Dapper: The Scraper for the Common Man

15

Sometimes, especially with Web 2.0 companies, jargon can get a little bit out of hand. When someone says that a service allows you to "build an API for any website", it can be a bit difficult to understand what that really means.

However, put simply, Dapper is a scraper. Nothing more. It allows you to scrape content from a Web page and convert it into an XML document that can be easily used at another location. Though you won't find the words "scrape" or "scraper" anywhere on its site, that is exactly what it does.

What separates Dapper from other scrapers, both legitimate and illegitimate, is that it is both free and easy to use. In short, it makes the process of setting up the scraper simple enough for your every day Internet user. While one has never needed to be a geek to scrape RSS feeds, now the technologically impaired can scrape content from any site, even those that don't publish RSS feeds.

Though the TechCrunch profile of the service says that Dapper "aims to offer some legitimate, valuable services and set up a means to respect copyright" others are expressing concern about the potential for copyright violations, especially by spam bloggers.

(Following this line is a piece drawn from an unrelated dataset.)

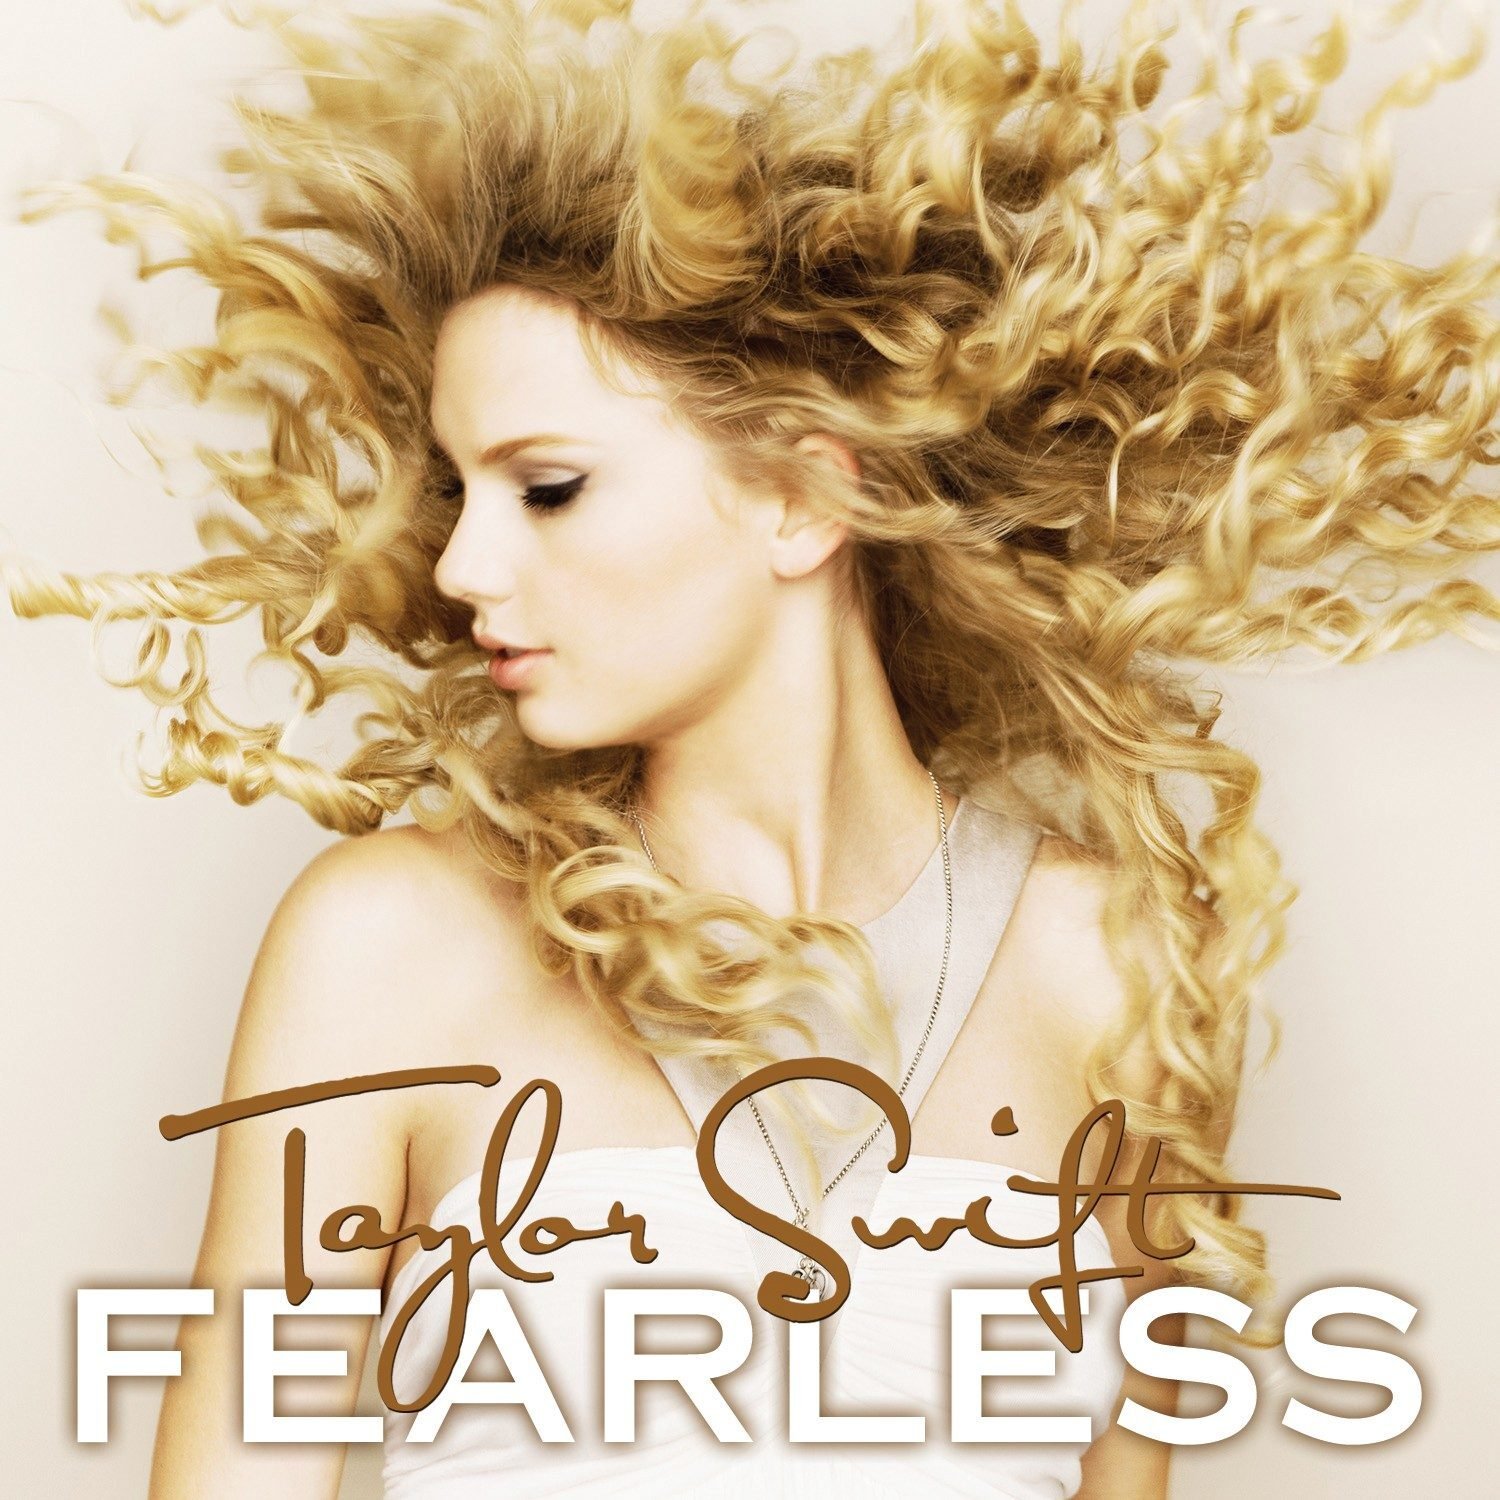 Taylor Swift — Hey Stephen cover artwork

Either way though, both the cause for concern and the potential dangers are very, very real.

What is Dapper

When a user goes to create a new "Dapp", he or she first needs to provide a series of links. These links must be on the same domain and in similar formats (IE: Google searches for different terms or different blog posts on a single site) for the service to work. Once the links have been defined, the user is then taken to a GUI where they pick out fields.

In a simple example where the user would create their own RSS feed for a blog, the post title might be one field, perhaps called "post title" and the body would be a second, perhaps called "post body". Dapper, much like the service social bookmarking Clipmarks, is able able to intelligently select blocks of text on a Web page, making it easy to ensure that the entire post body is selected and that extraneous information is omitted.

Once the fields have been selected, the user can then either create groups based upon those fields or simply save the dapp for future use. Once the Dapp has been saved, they can then use it to create both raw XML data, an RSS feed, a Google Gadget or any number of other output files that can be easily used in other services.

If you are interested in viewing a demo of Dapper, you can do so at this link.

There is little doubt that Dapper is an impressive service. It has taken the black art of scraping and made it into a simple, easy-to-use application that just about anyone can pick up. Though it might take a few tries to create a working Dapp, and certainly spending some time reading up on the service is required, most will find it easy to use, especially when compared to the alternatives.

However, it's this ease of use that has so many worried. Though scrapers have been around for many years, they have been either difficult to use or expensive. Dapper's power, when combined with its price tag and sheer ease of use, has many wondered that it might be ushering not a new age for the Web, but a new age for scrapers seeking to abuse other's hard work.

Cause for Concern

While being easy to use or free is not necessarily a problem in and of itself, in the rush to enable users to make an API for any site, they forget that many sites don't have one or restrict access to their APIs for very good reasons. RSS scraping is perhaps the biggest copyright issue bloggers face. It enables a plagiarist or spammer to not only steal all of the content on the blog right then, but also all of the content that will be posted in the future. This is a huge concern for many bloggers, especially those concerned about performing well in the search engines.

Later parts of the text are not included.